The boy being exorcised inevitably dies despite Monsignor Howard’s desperate attempt to drown out the demon with holy water, and nobody seems to notice or put two and two together as Sister Eunice gets knocked out the same time the demon “leaves” the boy. She later throws herself at Arden in the most raunchy, un-nun-like way possible, causing Arden to show anger and, wait for it—helplessness at the sight of what he considered most pure to be corrupted by Briarcliff. The best part so far this season is seeing Sister Eunice’s transformation, and it’s clear the devil in her is going to wreak havoc in the asylum. Her possession by the devil seems playful at first, until one of the patients sniffed out the devil in her and Sister Eunice had to take action herself, resulting in the first on-screen kill of the season, and a bloody one at that too.

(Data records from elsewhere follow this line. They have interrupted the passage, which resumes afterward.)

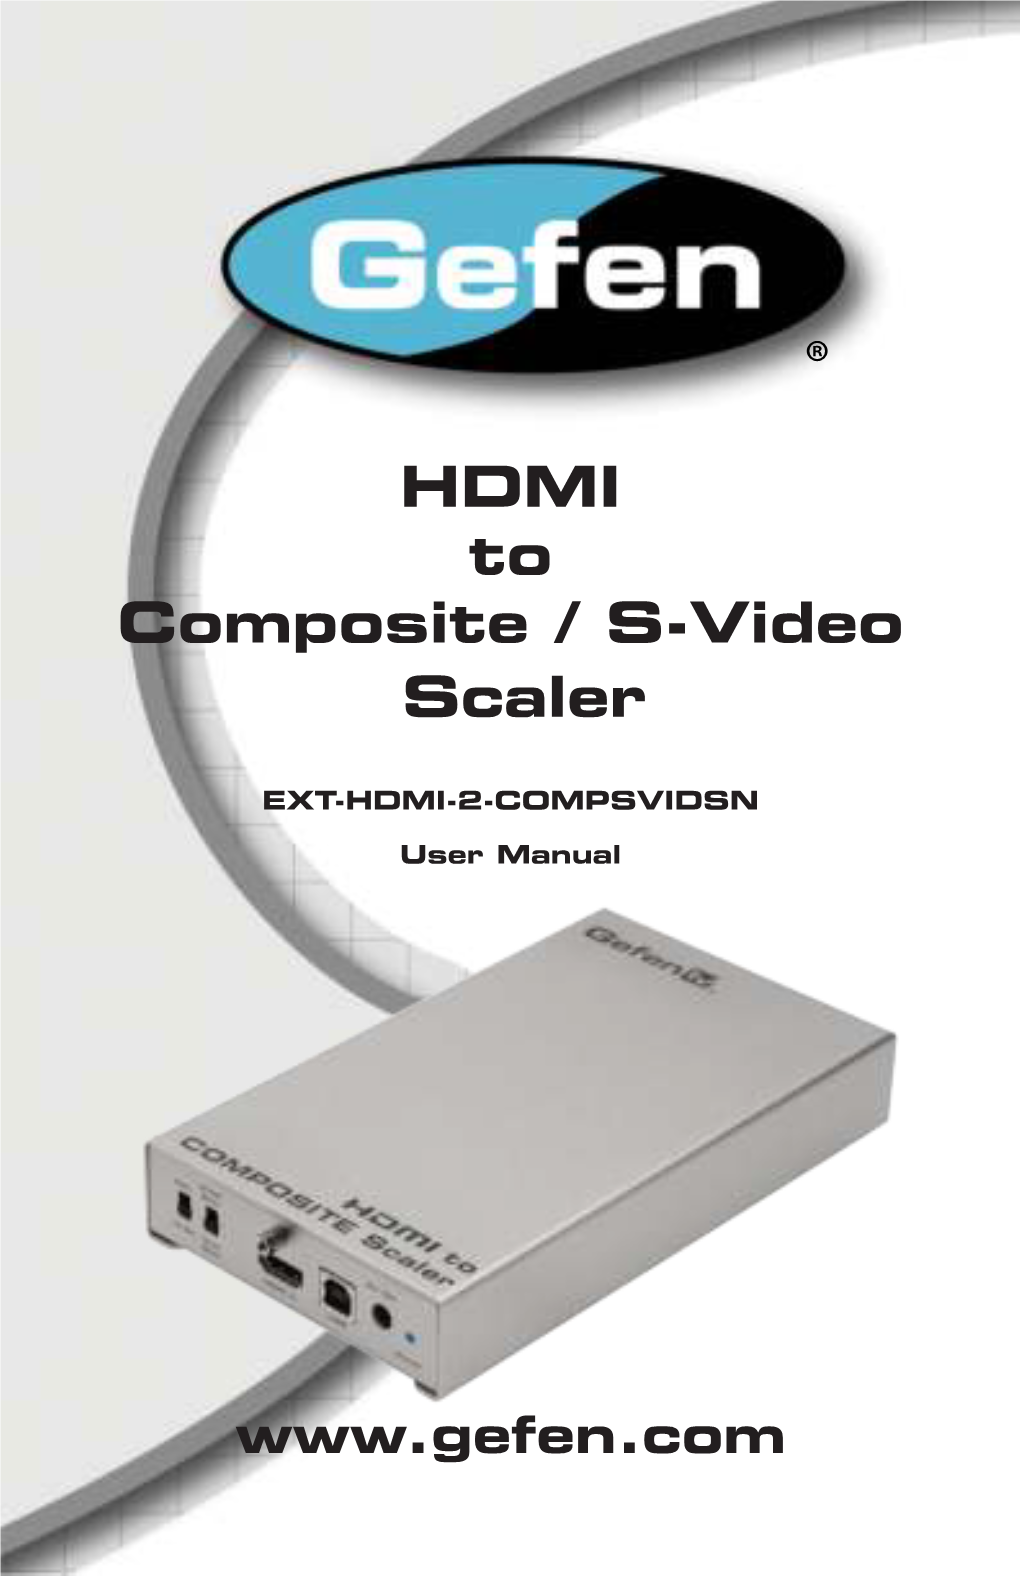 HDMI to Composite / S-Video Scaler
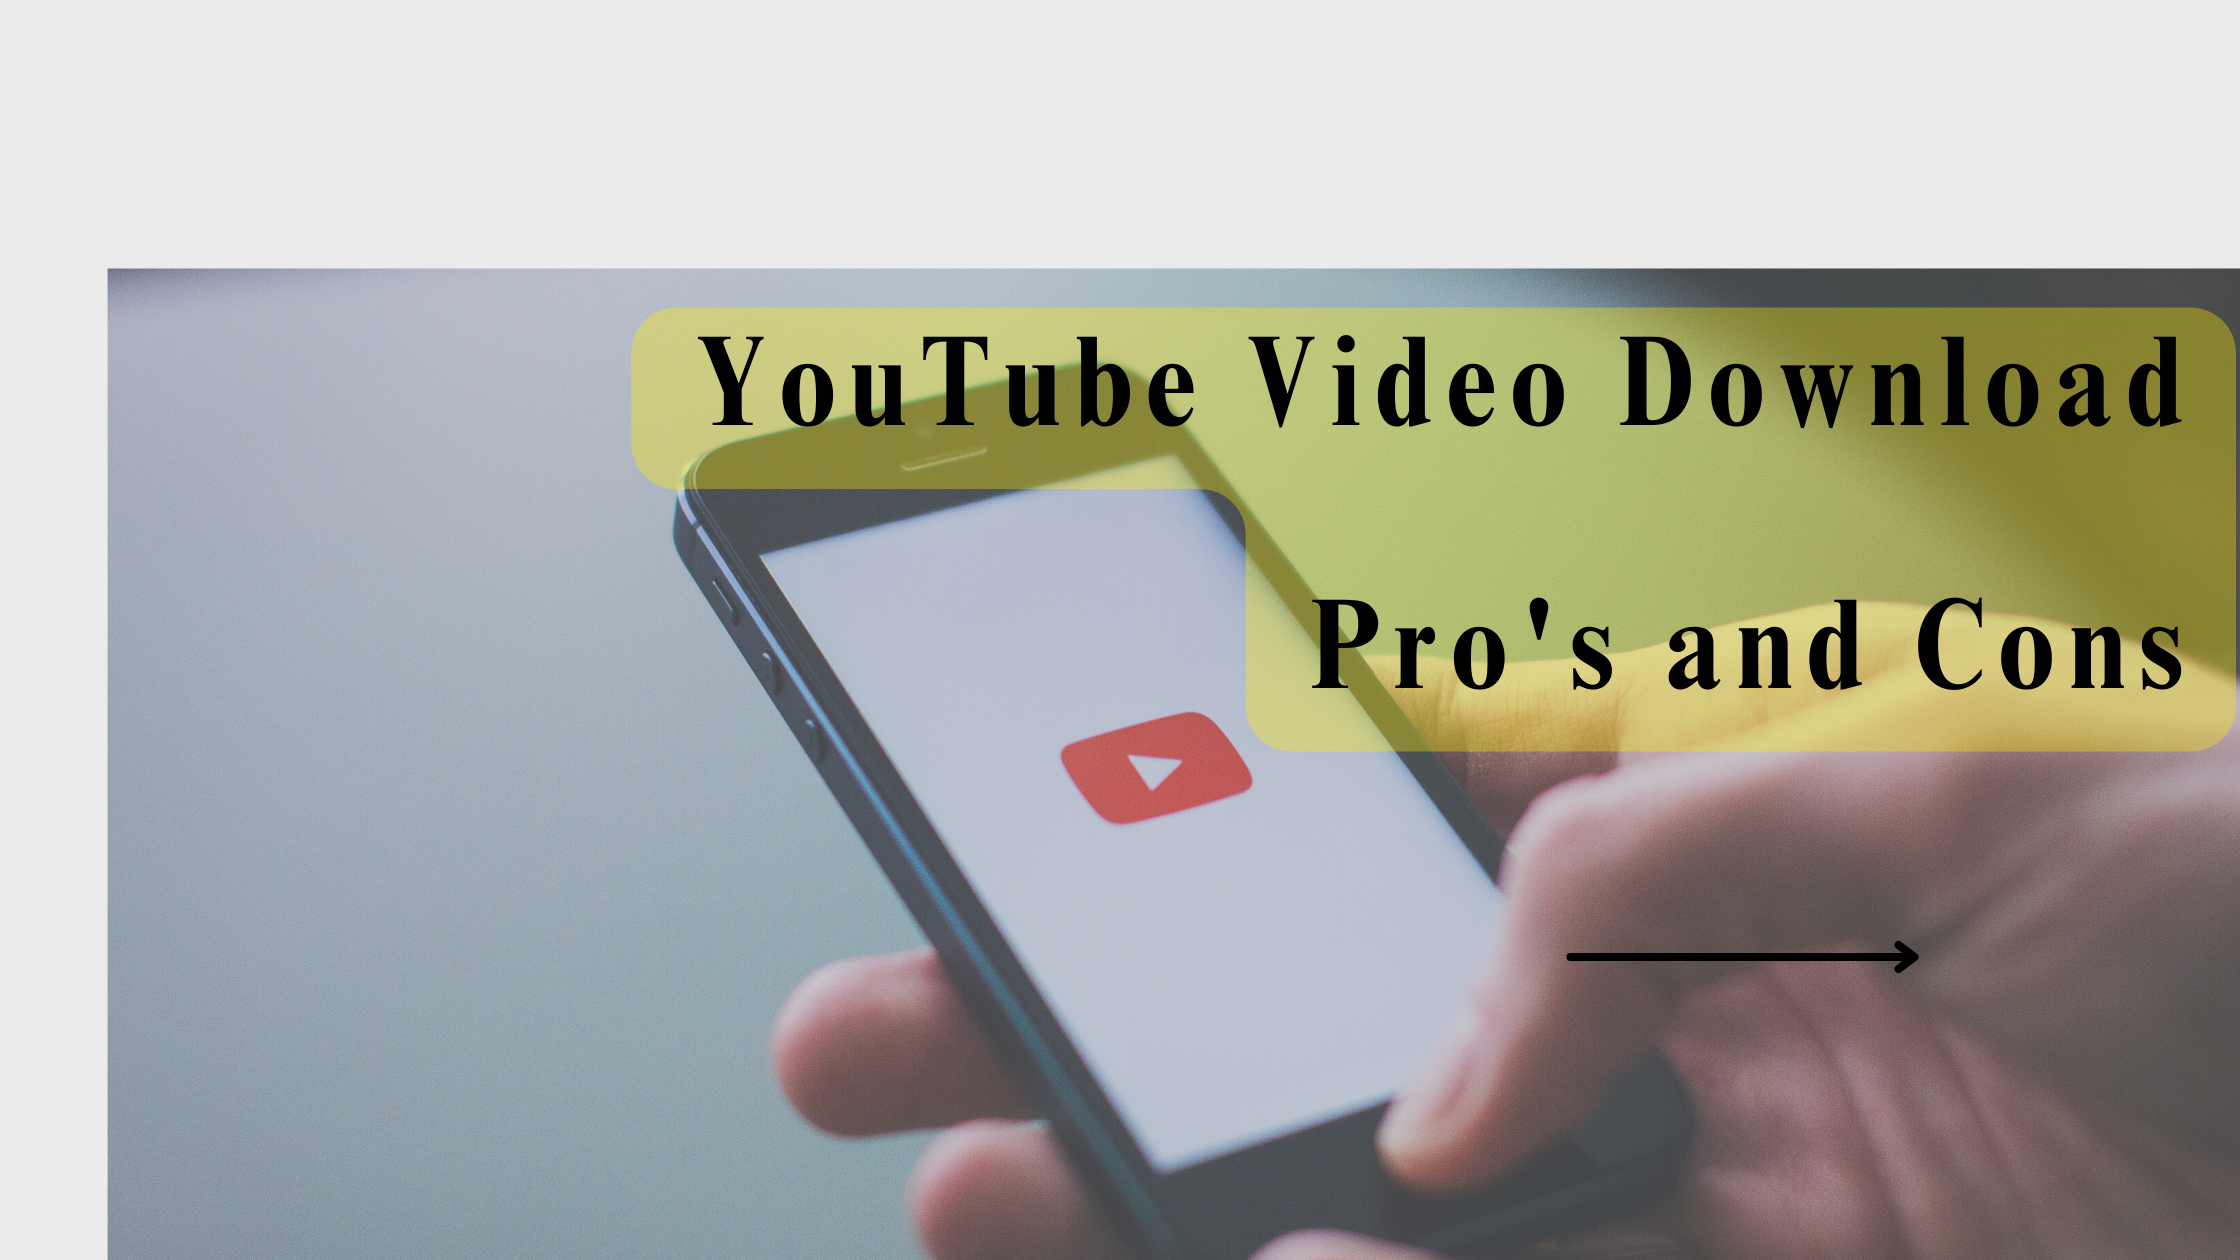 YouTube Video Download vs. Streaming: Pros and Cons
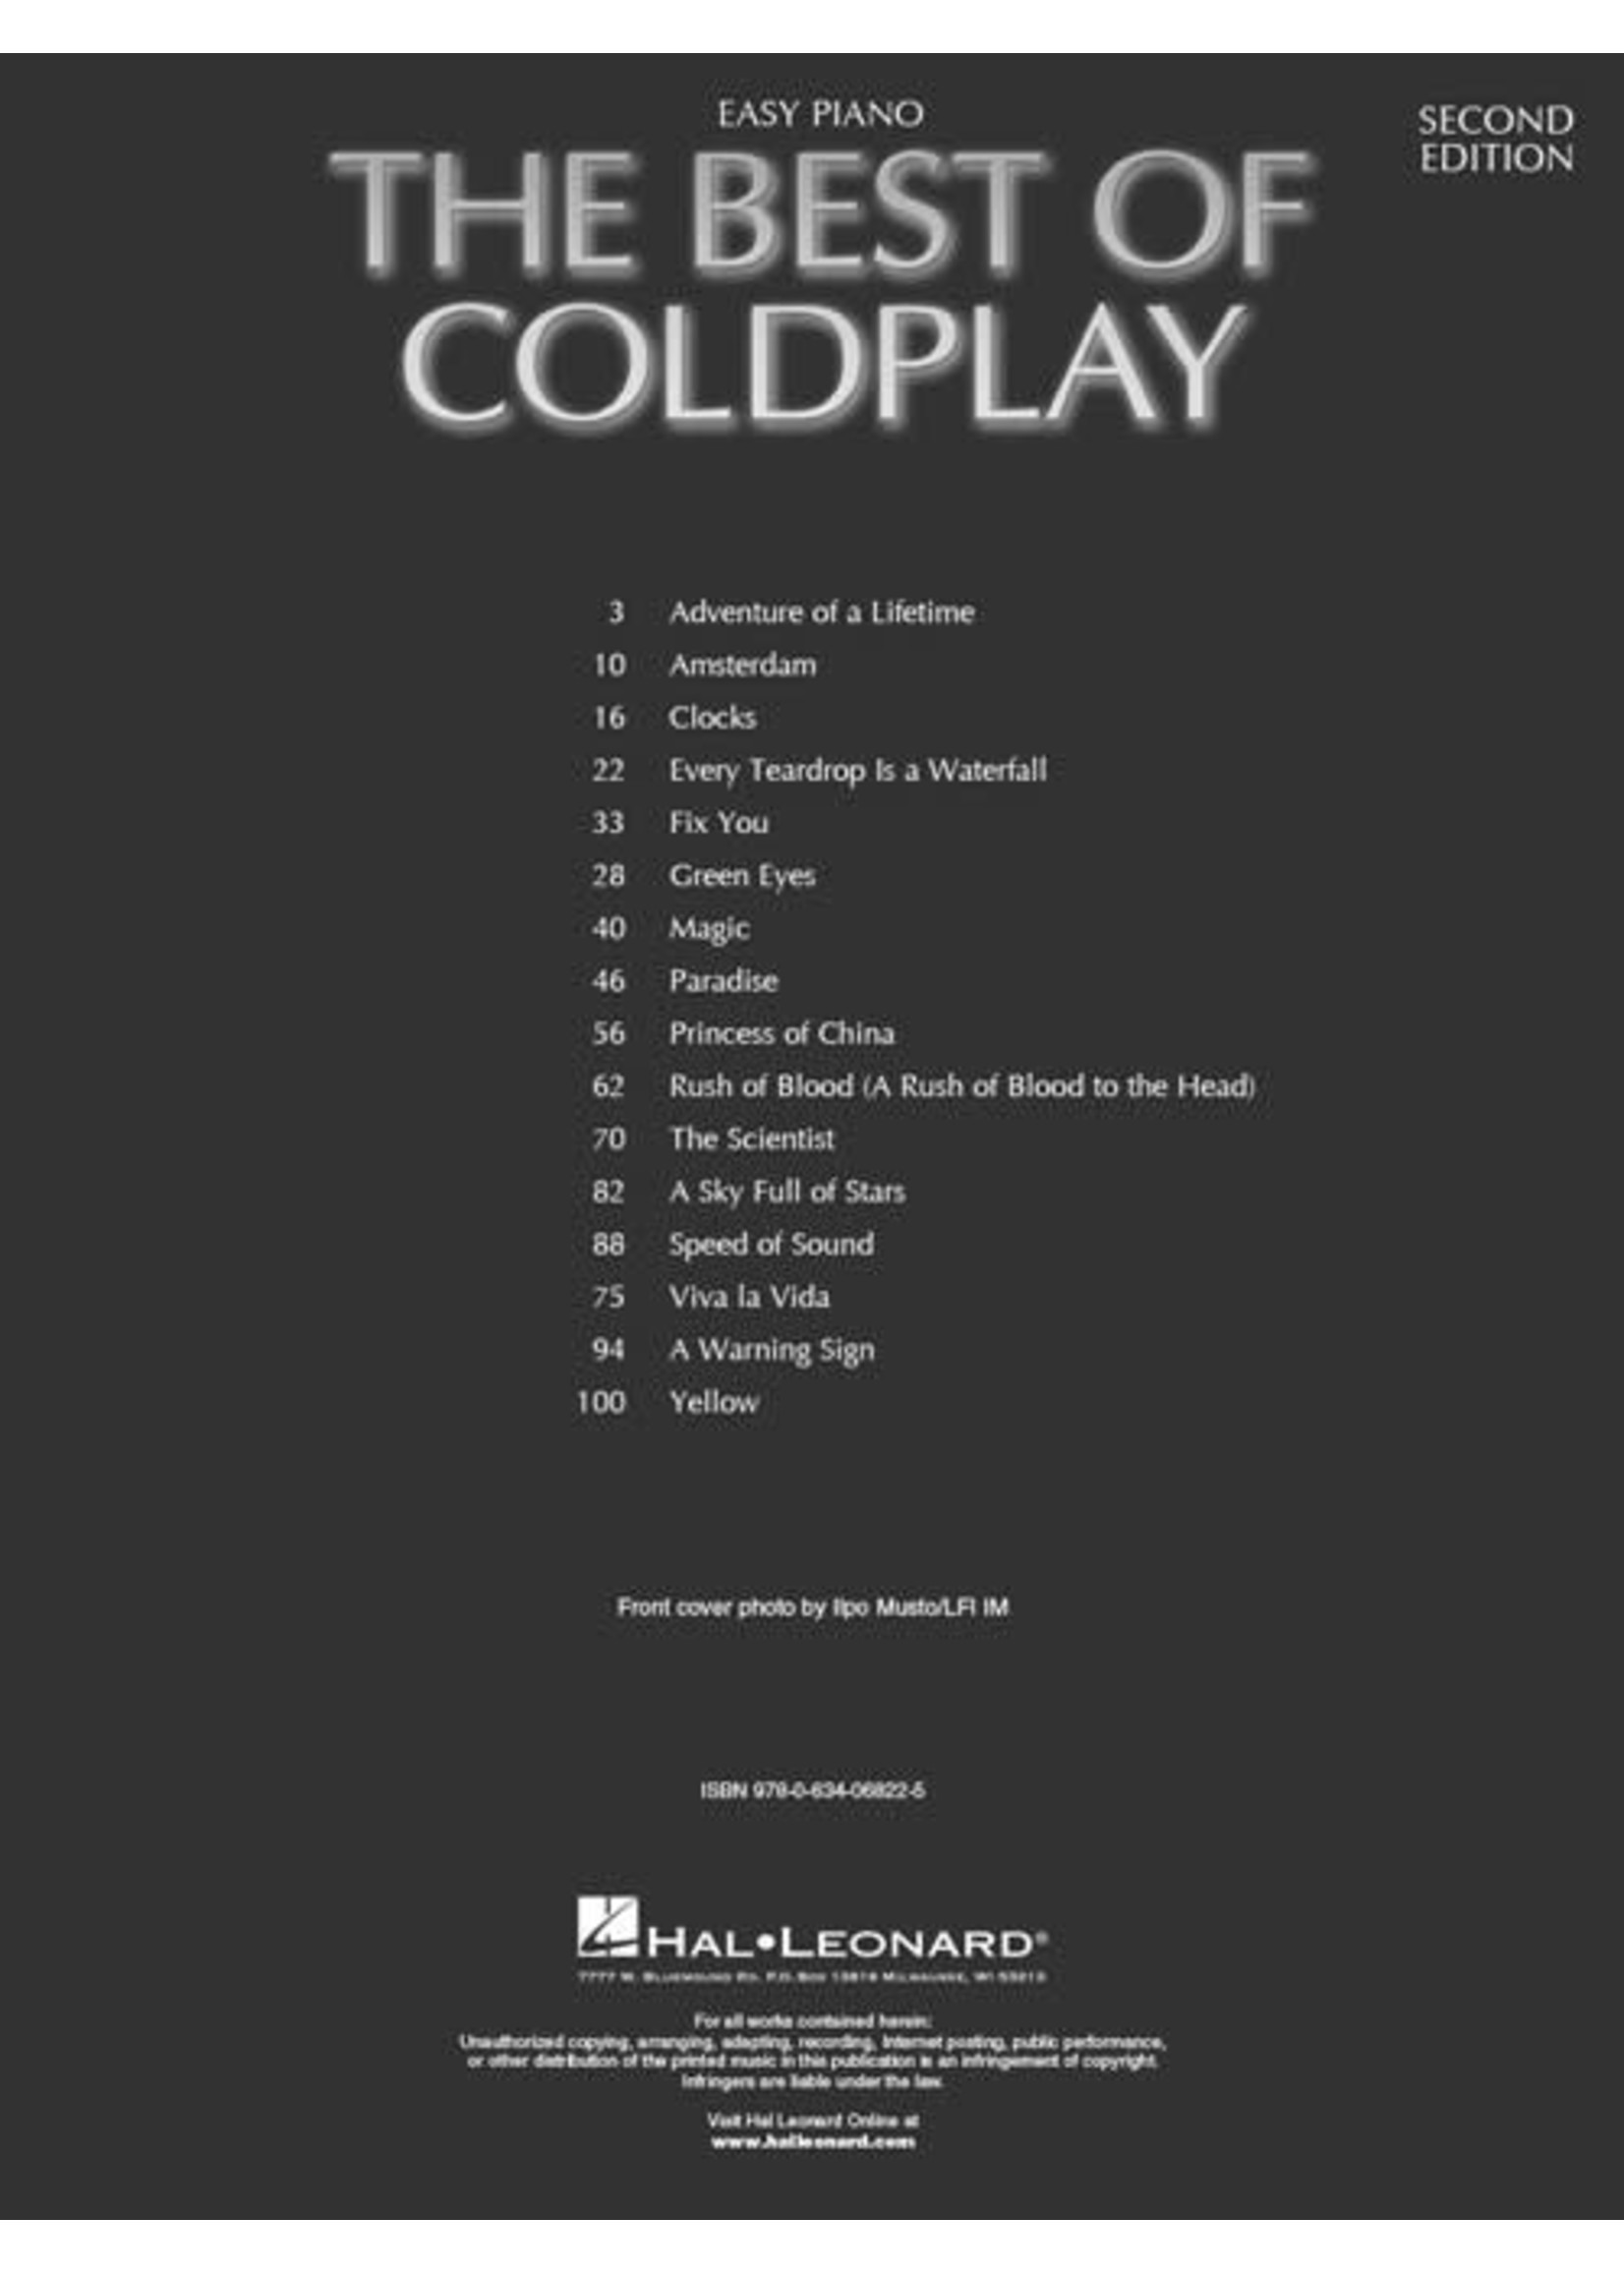 Hal Leonard The Best of Coldplay EP (2nd Edition)
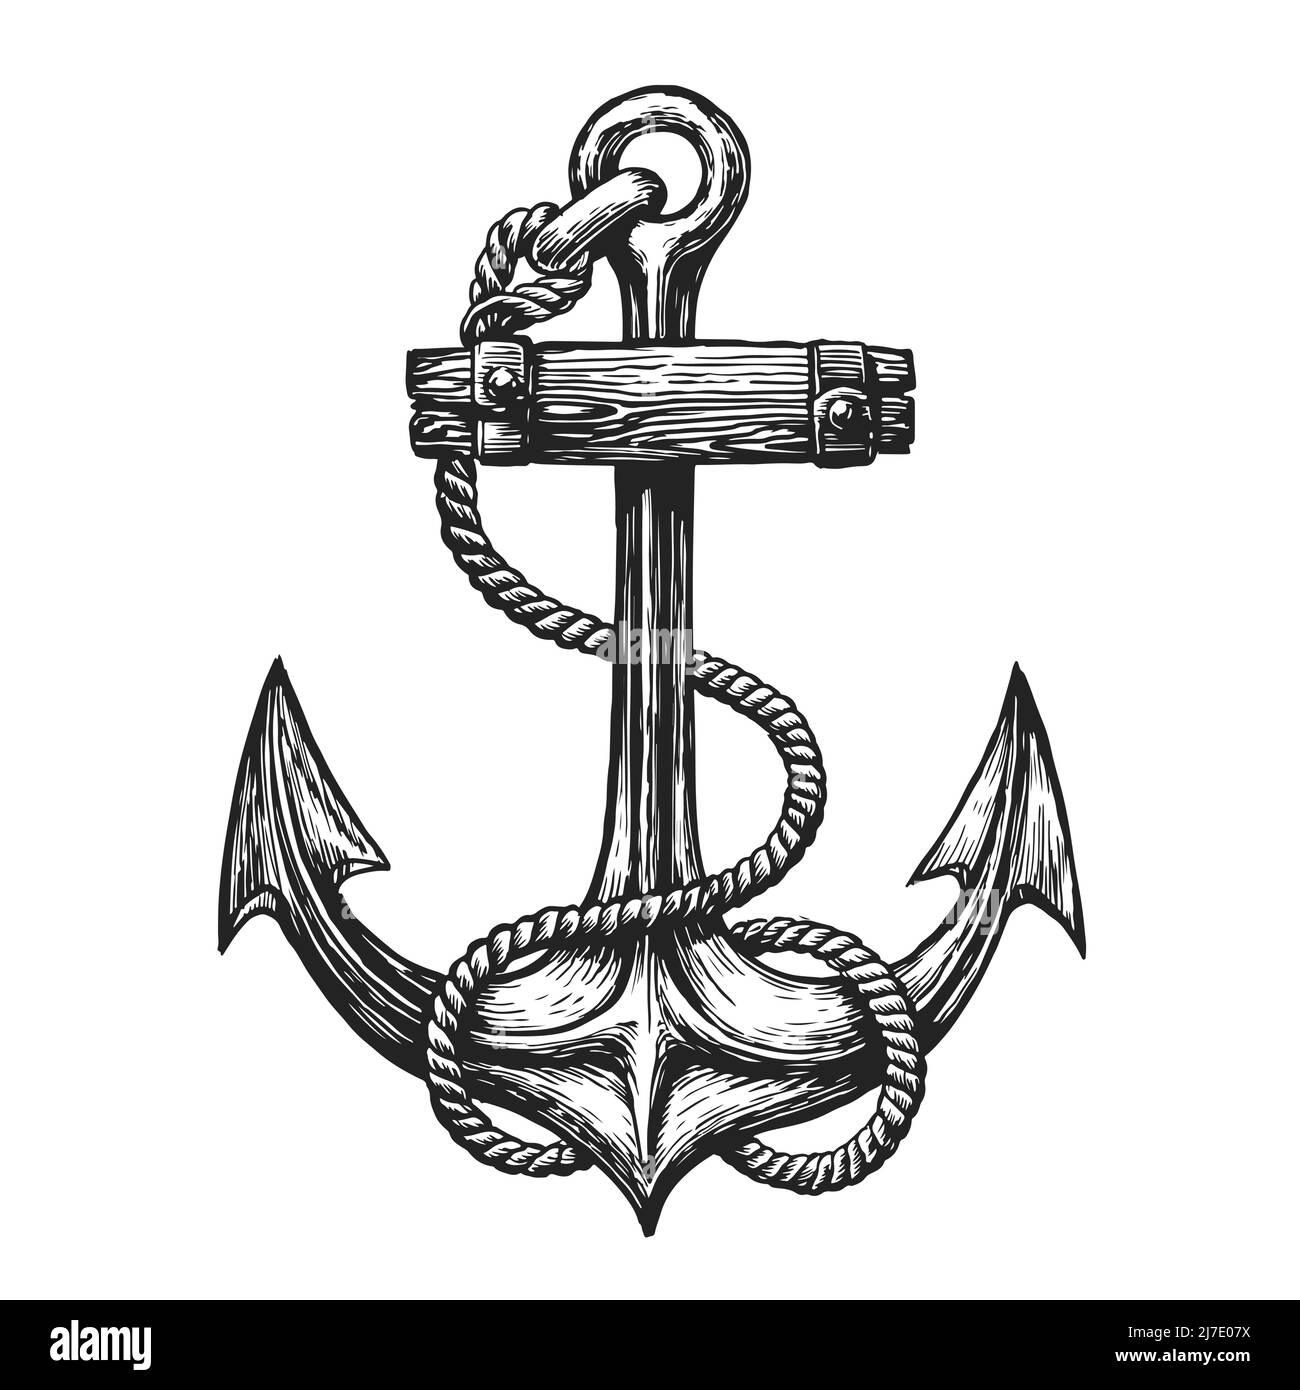 Vintage anchor with rope drawn in engraving style. Hand drawn seafaring ...

“Nor’easter” also shows, in detail, the creatures that live outside Briarcliff: savage, undead monsters made of mismatched body parts with a voracious appetite for human flesh. Kit, Grace and Lana make another plot to escape during the storm of episode three, but after encountering several of the creatures in the woods, they have no choice but to run back to the asylum. It becomes pretty clear from then on that even if they do escape, they might end up losing their lives and limbs on the outside.
Shelley the nympho deserves an honorable mention as she spews out a surprisingly eloquent speech at Dr. Arden regarding gender inequality, how much she hates the word “slut,” and for her sacrifice to help the others escape, resulting in her “clipped wings.”
The story of “the lovers” comes to an end in “Nor’easter” as it is revealed that there’s a group pretending to be Bloody Face in the abandoned asylum, but what none of them realize is that the real Bloody Face is alive and amongst them. “Nor’easter” is more of a filler episode, answering some questions from “Trick or Treat” but creating more conflict and setting the scene for the upcoming episodes.